**Task statement**:
All lines holding the word "with" in the listing below need to be copied.

**Input for this task**:

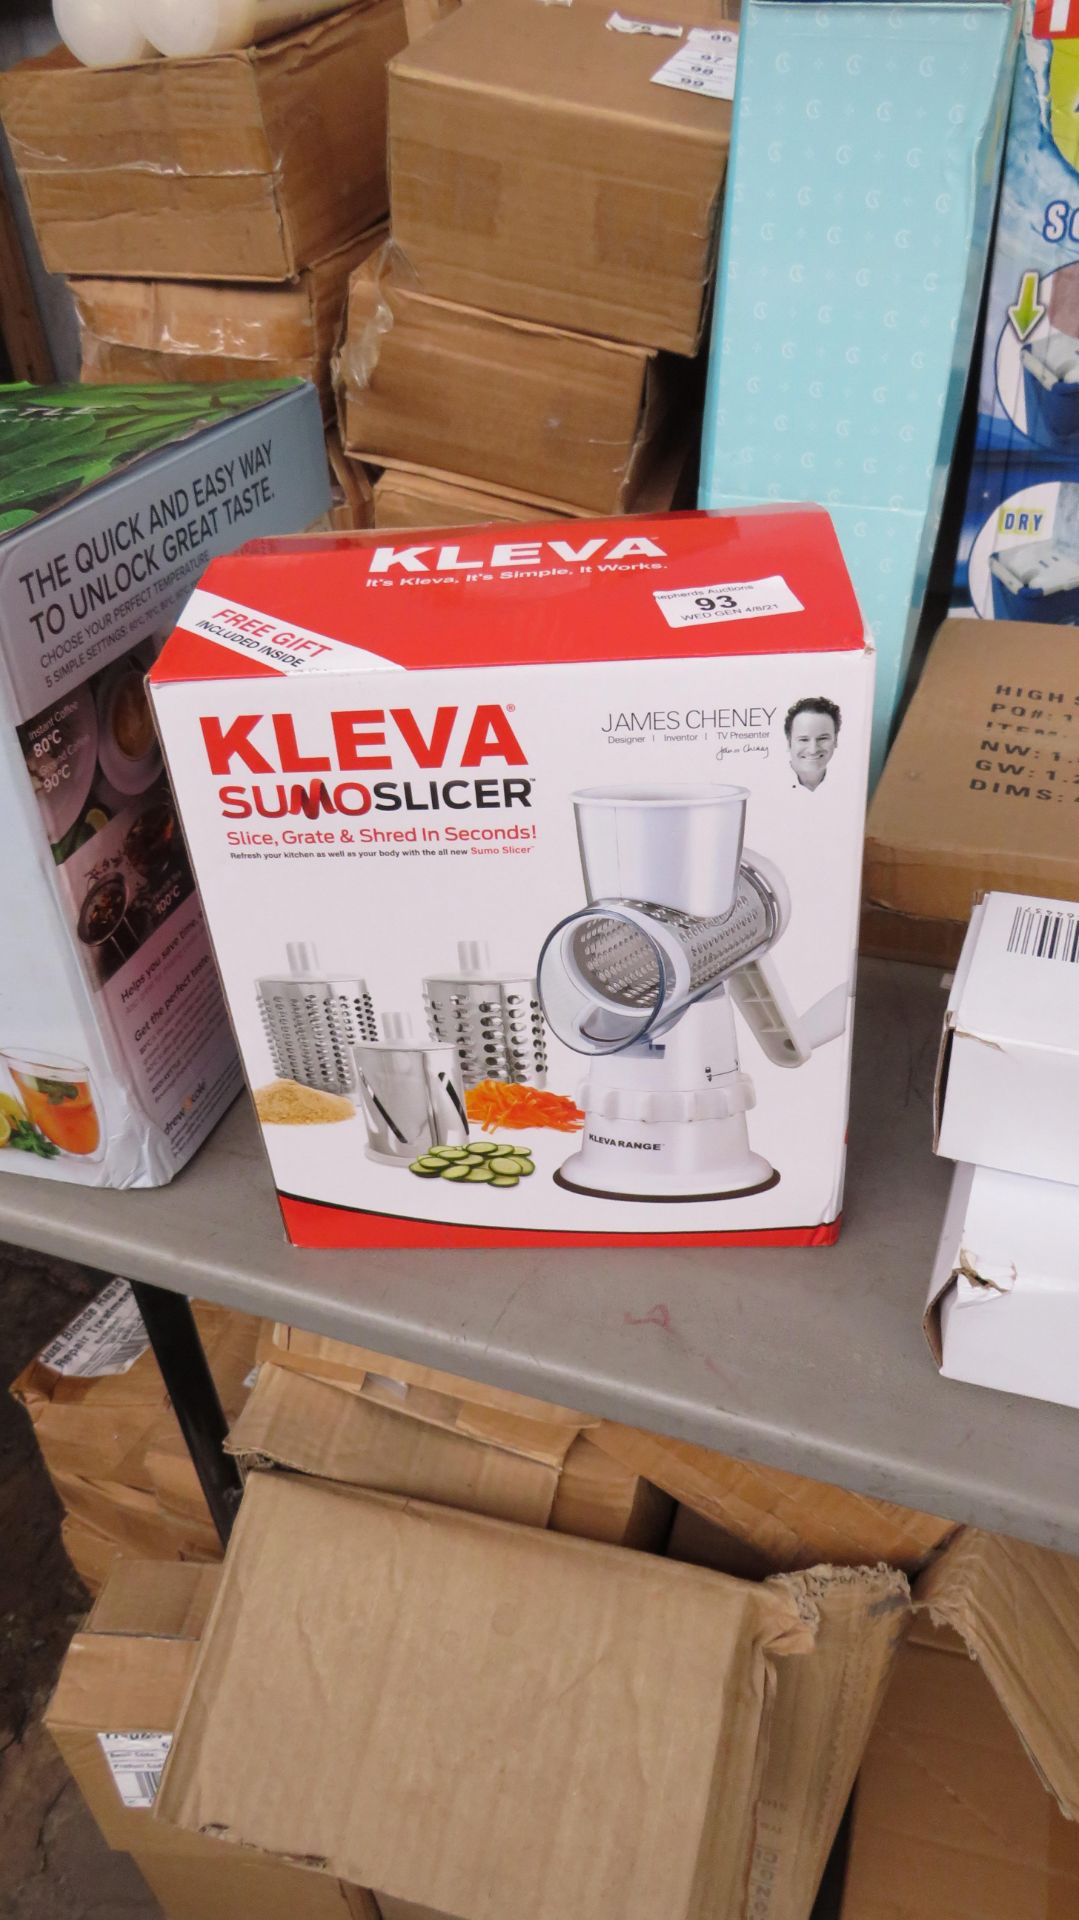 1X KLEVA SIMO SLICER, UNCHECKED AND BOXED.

==

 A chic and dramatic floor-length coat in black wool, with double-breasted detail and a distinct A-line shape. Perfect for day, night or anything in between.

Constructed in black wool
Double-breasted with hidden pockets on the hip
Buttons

---

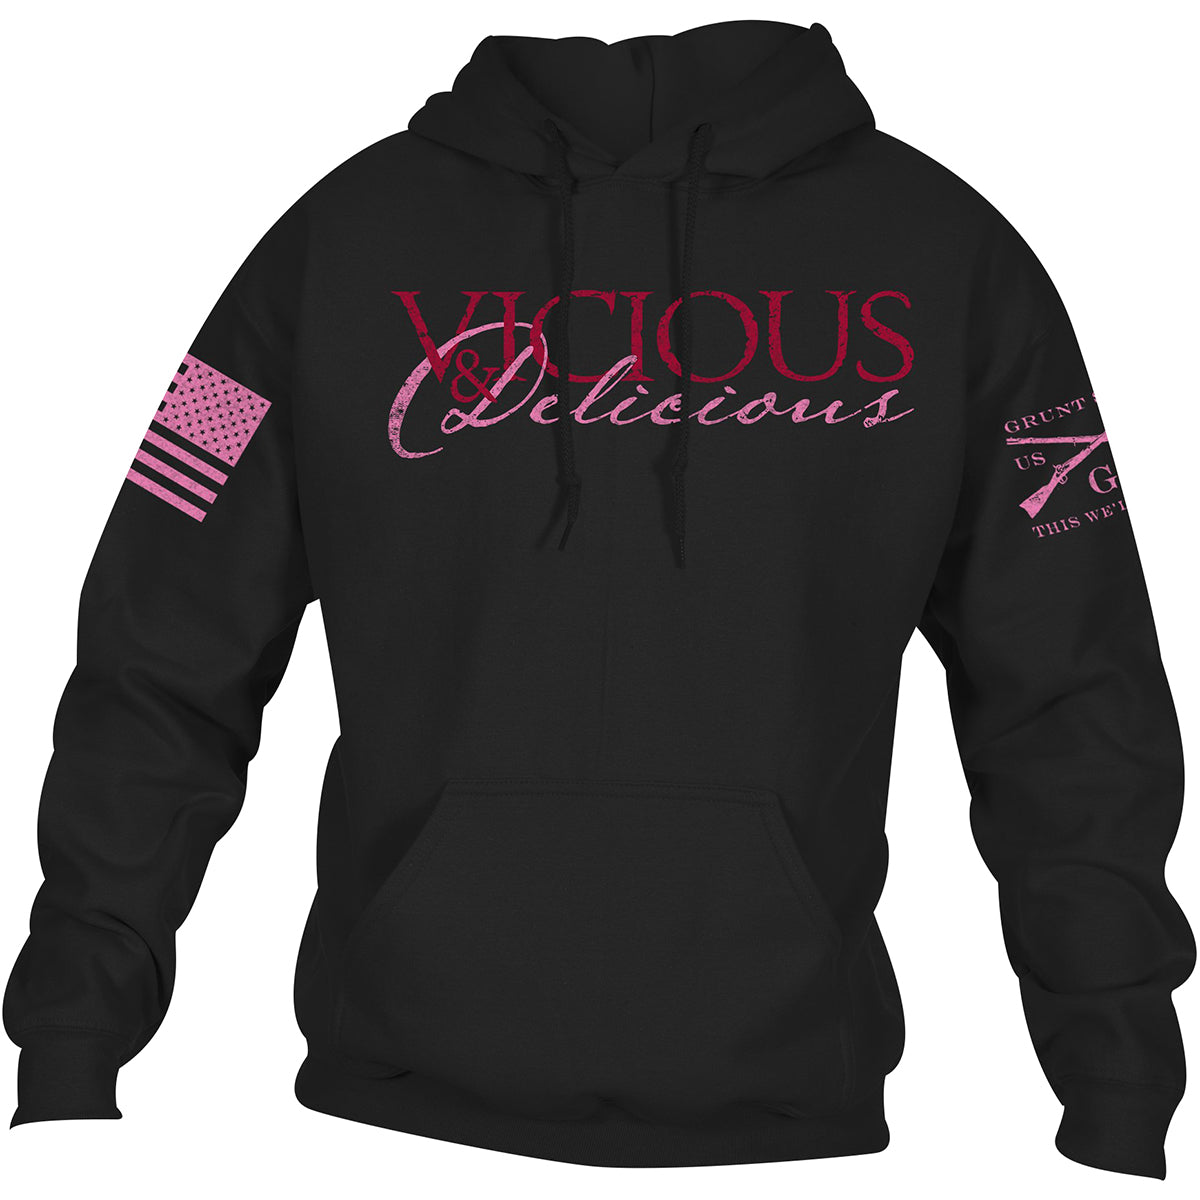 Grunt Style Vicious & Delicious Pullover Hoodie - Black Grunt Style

**Answer section**:
 A chic and dramatic floor-length coat in black wool, with double-breasted detail and a distinct A-line shape. Perfect for day, night or anything in between.
Double-breasted with hidden pockets on the hip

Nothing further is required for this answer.